Codementor Events

Java String Concatenation Explained

Published Mar 31, 2016Last updated Apr 12, 2017
Java String Concatenation Explained

I have seen a QuickTip here at Codementor and I want to explain it in more detail — to let you know why is it a best practice.

The QuickTip Itself

Let's see what is the best practice I will revise: "If you want to concatenate Strings don't use '+' but a StringBuilder because every time you use '+' a new object is created and you have a lot of unused objects in the memory."

You can read about this best practice in the Quick Tip of Suresh Atta here.

Well, actually what does he mean by "a new object is created"?

The Example

Let's start with the example from this QuickTip. I altered it a bit to have some content too:

String myString = "";
for(int i = 0; i < 1_000_000; i++) {
    myString += i;
}
System.out.println(myString);

As you can see I start with an empty String and then create a loop of one million numbers (1_000_000 is the way you can write 1000000 in Java 8 -- and actually I find it better and more readable).

Let's compile and don't run the application! It takes time, very much time! But why?

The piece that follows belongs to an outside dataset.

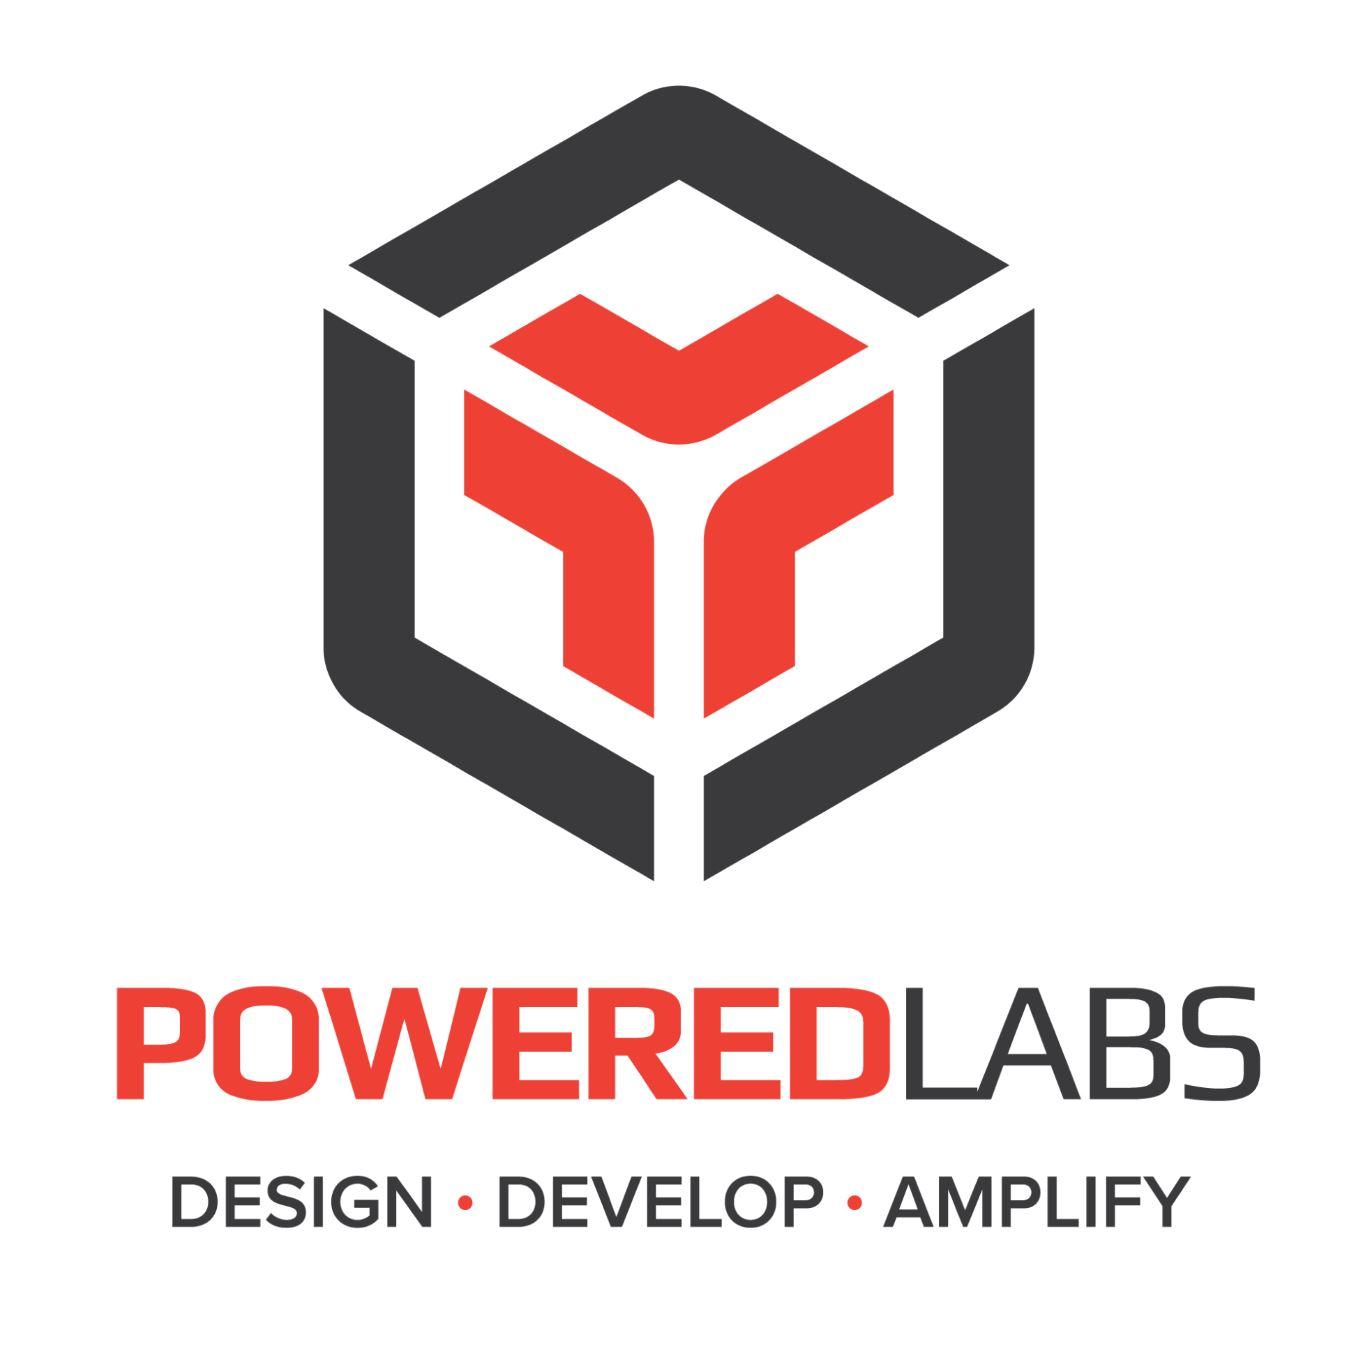 poweredlabs Logo

As Suresh mentions this code will create one million objects for nothing and trash up your memory. To be honest this creates around 2000000 objects -- so way more than he thinks.

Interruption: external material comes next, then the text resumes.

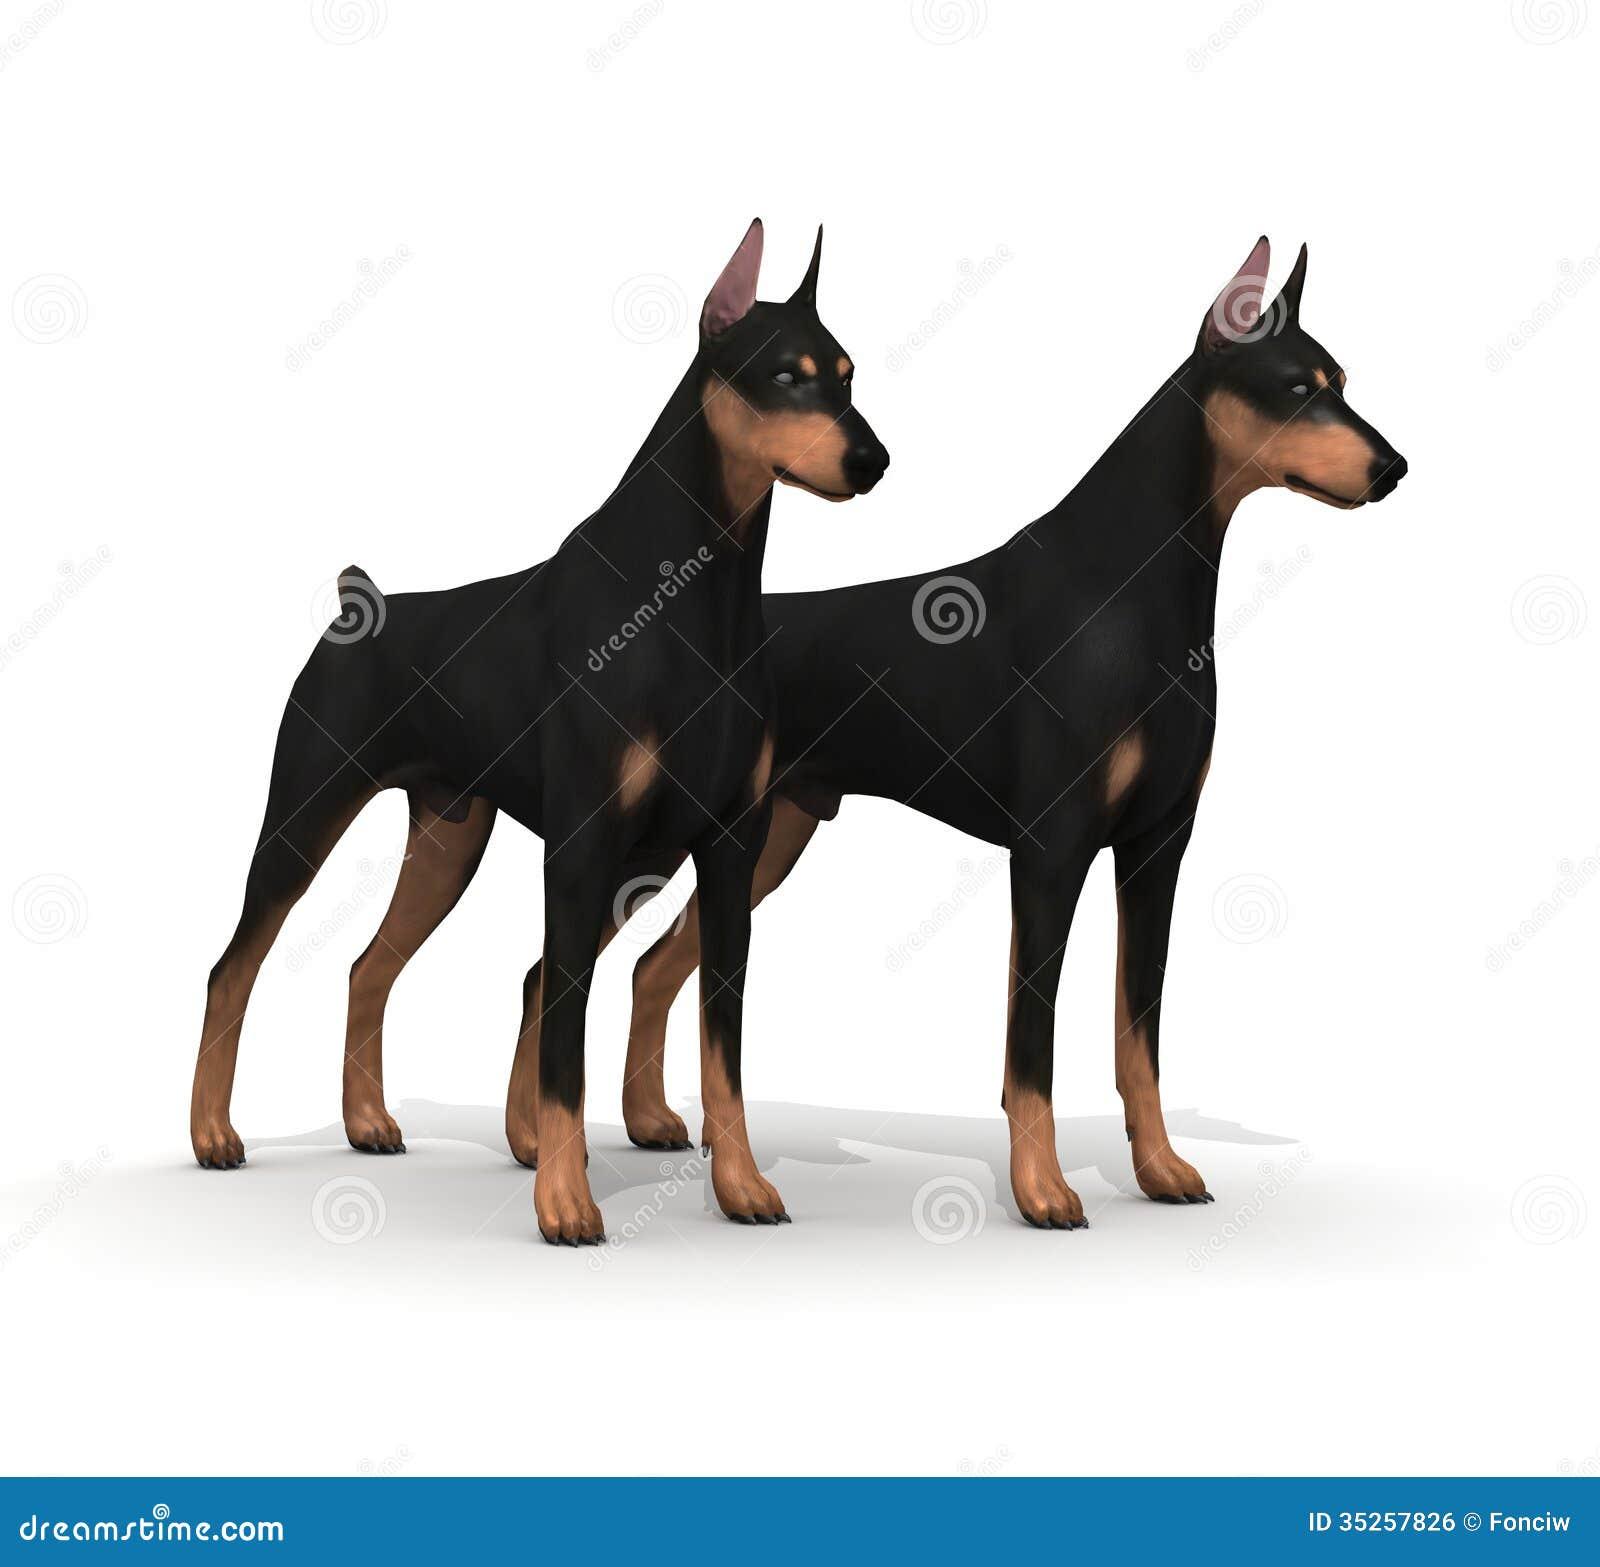 Couple Doberman Protection Royalty Free Stock Image - Image: 35257826

To verify this let's look at the byte code of the generated .class file, however I don't want you to understand what's going on here, I include it for the sake of brevity:

public static void main(java.lang.String...);
    Code:
    0: ldc     #2   // String
    2: astore_1
    3: iconst_0
    4: istore_2
    5: iload_2
    6: ldc     #3   // int 1000000
    8: if_icmpge  36
   11: new     #4  // class java/lang/StringBuilder
   14: dup
   15: invokespecial #5  // Method java/lang/StringBuilder."<init>":()V
   18: aload_1
   19: invokevirtual #6  // Method java/lang/StringBuilder.append:(Ljava/lang/String;)Ljava/lang/StringBuilder;
   22: iload_2
   23: invokevirtual #7  // Method java/lang/StringBuilder.append:(I)Ljava/lang/StringBuilder;
   26: invokevirtual #8  // Method java/lang/StringBuilder.toString:()Ljava/lang/String;
   29: astore_1
   30: iinc    2, 1
   33: goto    5
   36: getstatic  #9  // Field java/lang/System.out:Ljava/io/PrintStream;
   39: aload_1
   40: invokevirtual #10  // Method java/io/PrintStream.println:(Ljava/lang/String;)V
   43: return

This is the byte code Java creates when you compile the application, you can look at it with the

javap -c YourClass.class

command.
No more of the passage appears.